Musician awaits heart transplant
Tuesday, May 14, 1996 | 11:59 a.m.
Ronald Teti sits waiting, a beeper never more than a few inches from his fingertips.
When it goes off, he has two hours to jump on a plane. Two hours to get to San Diego. Two hours to live or die.
Trent is a member of an elite fraternity he'd rather not be associated with. In January, cardiac specialists at the University of San Diego gave him the devastating news. He needed a heart and double-lung transplant.
"That knocked me on my ass," says Teti, 58, a longtime Las Vegas entertainer who goes by the stage name Ronnie Trent. "On Feb. 6, I was put on a national waiting list. They said my lungs were so bad that they wouldn't give me a heart unless I had both lungs done."
Today, Teti sits and waits at home. He knows someone's death will give him the gift of life, but he doesn't ponder that very much. It's too upsetting, as is the delicate operation he knows he must eventually face.
Several black-and-white publicity photos of Teti and his wife, Betty, adorn the top of a wood-grain entertainment center in the corner of their modest mobile home. He's at the piano dressed in a tuxedo. She leans leisurely on his shoulder in an evening gown -- the portrait of the perfect couple.
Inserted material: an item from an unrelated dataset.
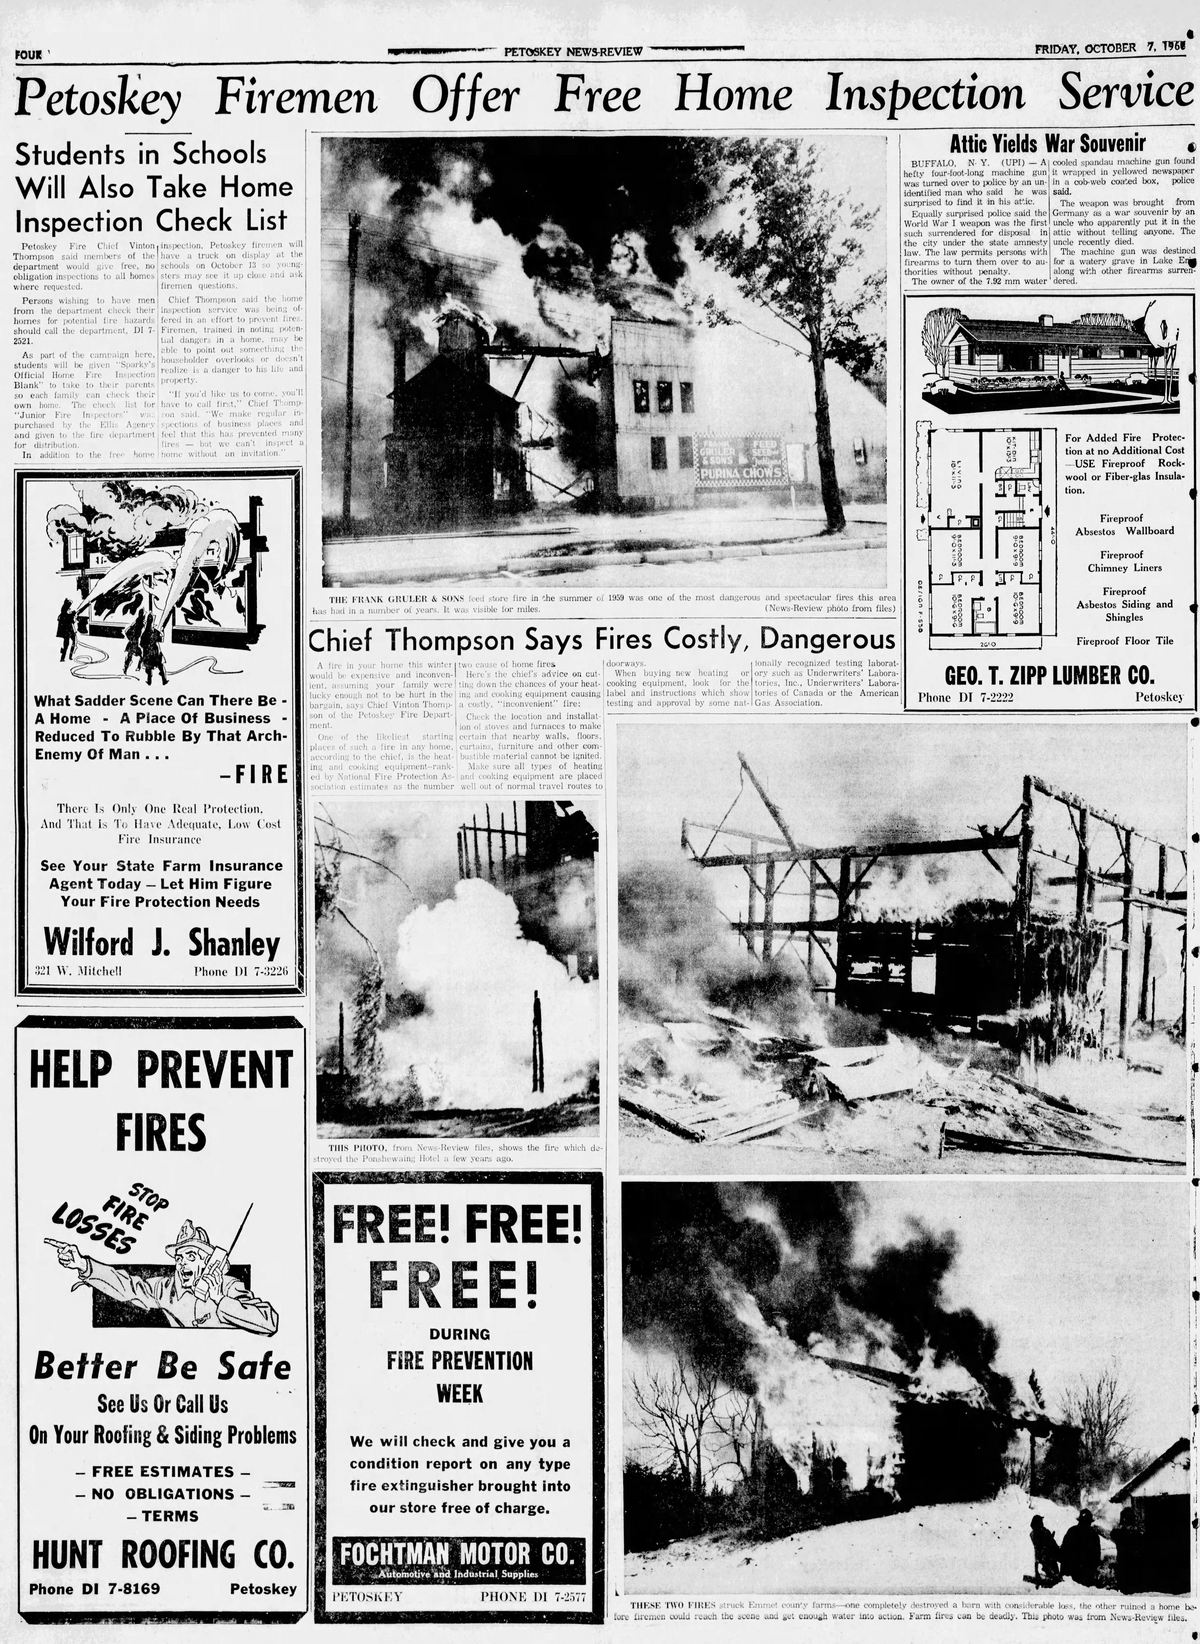 Ponshewaing Hotel - Oct 7 1960 Article On Fires (newer photo)

Ronnie and Betty played all the old venues -- the Marina, Dunes, Thunderbird, Sands and Sahara. Only the new mega-resorts escaped their grasp. And if Teti were well today, he says they'd probably be playing them, too.
The last time the couple performed together was on a cruise ship in Florida three years ago. He caught what he thought was a cold, but soon found out a virus had invaded his body and killed the front half of his heart.
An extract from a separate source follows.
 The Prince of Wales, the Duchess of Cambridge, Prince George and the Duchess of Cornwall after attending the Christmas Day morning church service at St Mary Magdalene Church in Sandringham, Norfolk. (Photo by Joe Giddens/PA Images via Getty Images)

The prognosis has gotten worse ever since. Confined to his home, Teti can't walk more than 30 feet without running out of breath and feeling his enlarged heart race uncontrollably.
To pass the time, the professional musician tinkers around with his computer. He has recorded instrumental parts for 5,800 songs and stored them on disk. It's a task he's been working on since 1989.
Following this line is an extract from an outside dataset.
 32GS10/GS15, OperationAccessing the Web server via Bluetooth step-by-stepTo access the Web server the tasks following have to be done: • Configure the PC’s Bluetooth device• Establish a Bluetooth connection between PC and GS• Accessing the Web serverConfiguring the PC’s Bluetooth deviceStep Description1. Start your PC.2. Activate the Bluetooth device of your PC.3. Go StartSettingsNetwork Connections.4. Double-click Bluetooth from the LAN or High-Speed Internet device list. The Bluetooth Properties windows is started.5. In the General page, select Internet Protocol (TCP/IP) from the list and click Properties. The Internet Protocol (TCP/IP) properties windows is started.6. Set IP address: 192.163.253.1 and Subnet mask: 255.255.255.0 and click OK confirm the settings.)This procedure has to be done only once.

Nearly any music you want, Teti probably has an arrangement on it. Everything he has he played himself on synthesizer. Quite a feat for any musician.
"It helps me keep my mind off of this," Teti says, pausing for a moment to control his emotions. "This thing really has me scared."
At first he thought of moving to San Diego to be close to the hospital when the call eventually comes, but doctors advised against that. They said the strain of trying to find a place to live and being away from home would be too much to take. Besides, Teti says he has a good heart specialist in Las Vegas.
The main problem Teti faces is trying to catch a flight to San Diego. There are only two commercial airlines that fly direct, and certain hours of the day there are no flights. He figures he has only one solution, to charter an air ambulance. But that costs between $5,000 and $6,000.
Teti doesn't have that kind of cash. He's tried to contact several major hotels about using a corporate jet, but none has returned his calls.
"If I was a high-roller, they'd have a limousine and plane available 24 hours a day," Teti says. "Corporate Las Vegas has a heart, but it carries a price tag. It's either give me the money, or the notoriety, and then I'll help.
"But there are people in this town who really care. That's where the real heart lies."
Some of those people are Teti's fellow musicians. More than 25 are getting together Sunday to perform in a fund-raiser at Cafe Michelle West at 2800 W. Sahara Ave. Bruce Zarka, a keyboard player who has known Teti for five years, is organizing the event.
"Ronnie is one of the most honest people I ever met," Zarka says. "There's nothing phony about him. I've been in this business all my life, and you get to recognize the real from the phony right away."
Zarka says he first learned of Teti's condition when he asked him to sequence some music. As a fellow musician who has lived and performed in Las Vegas for 23 years, he felt he just had to do something.
"We hear sometimes on the news when someone gets mugged and no one helps," Zarka says. "It's not like that in Las Vegas. Here, the entertainers get together to help their own."
Besides what is raised at the musical benefit, Teti says four friends have offered to let him use their credit cards for the air ambulance if the money comes up short.
After his operation, Teti says he'll have to remain in the hospital for two weeks and then live in San Diego for three months to receive postoperative treatment. But that's down the road, and a social worker assured him money matters and living accommodations will be worked out somehow.
"I hope to go back to performing," Teti says with an optimistic smile. "The wife and I would like to go on cruise ships in Europe and perform. We're looking forward to it."
The musical benefit at Cafe Michelle West begins at 3 p.m. A $10 tax-deductible donation includes dancing, appetizers and raffles.
An account has also been set up at First Interstate Bank for Teti. Donations should be addressed to the Ronnie Trent Benefit Fund, donations No. 1800024697.